Liu Shijin, member of the monetary policy committee of the People’s Bank of China (PBOC), told a financial forum in Shanghai that Beijing’s room for monetary policy easing was limited by widening interest rate differentials with the US.
On the budget front, Chinese governments are under pressure at various levels, he told the annual Bund Summit conference.
‘If China continues to focus on… macro policy in its efforts to stabilize growth, there would be more and more side effects,” said Liu, vice president of the State Council Development Research Center.
“More importantly, we will once again miss the opportunity for structural reforms.”
China’s post-Covid recovery has lost momentum due to weak consumption, falling exports and a deepening real estate debt crisis. The economy is struggling despite a raft of monetary and fiscal measures to boost confidence.
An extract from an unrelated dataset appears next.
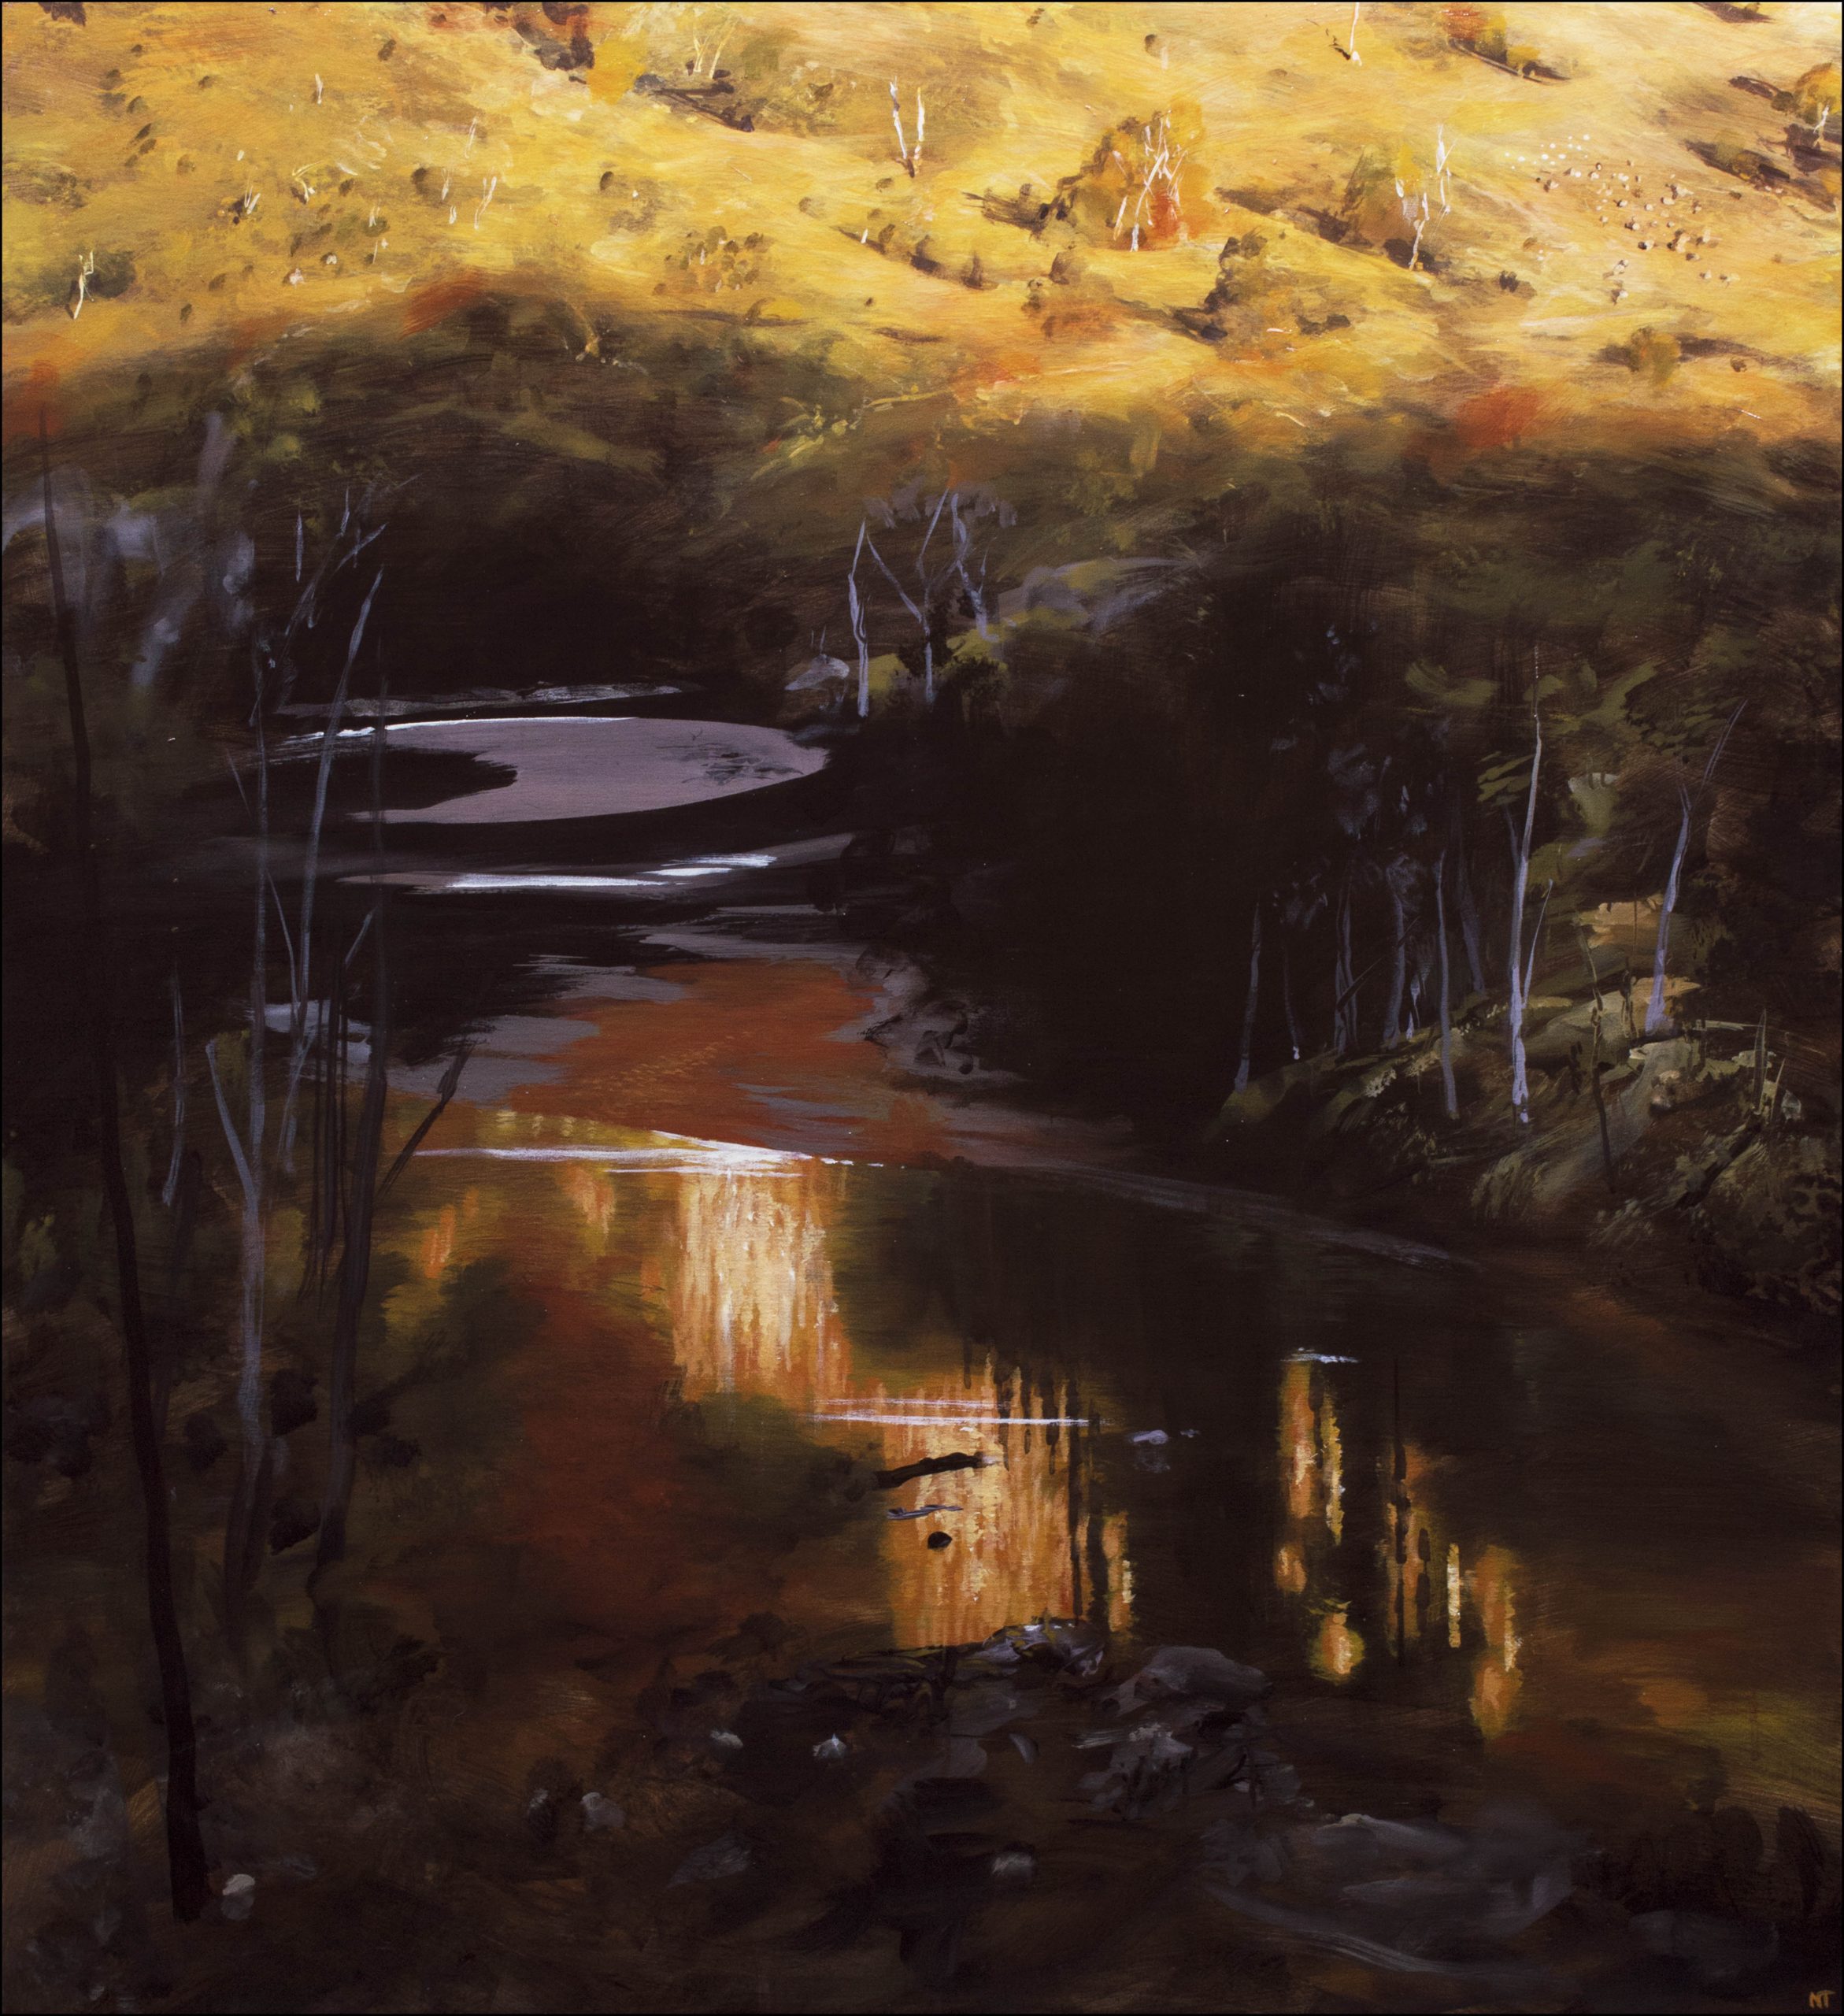 Neil Taylor 'Dusk On The Macquarie' acrylic on canvas 76 x 81cm $6,000

Liu on Sunday proposed a new round of structural reforms that could immediately help the economy while providing long-term growth momentum.
These include demand-side reforms that focus on giving migrant workers access to public services that city residents can enjoy, as well as supply-side reforms that aim to foster entrepreneurship in emerging industries, he said.
China’s top economic planning body announced this month that it will set up a new department to help private companies, as Beijing looks to revive investor confidence, which has been damaged by a government crackdown on sectors ranging from internet to private tutoring.
Liu said on Sunday that China must more clearly recognize the status of private companies, both ideologically and politically.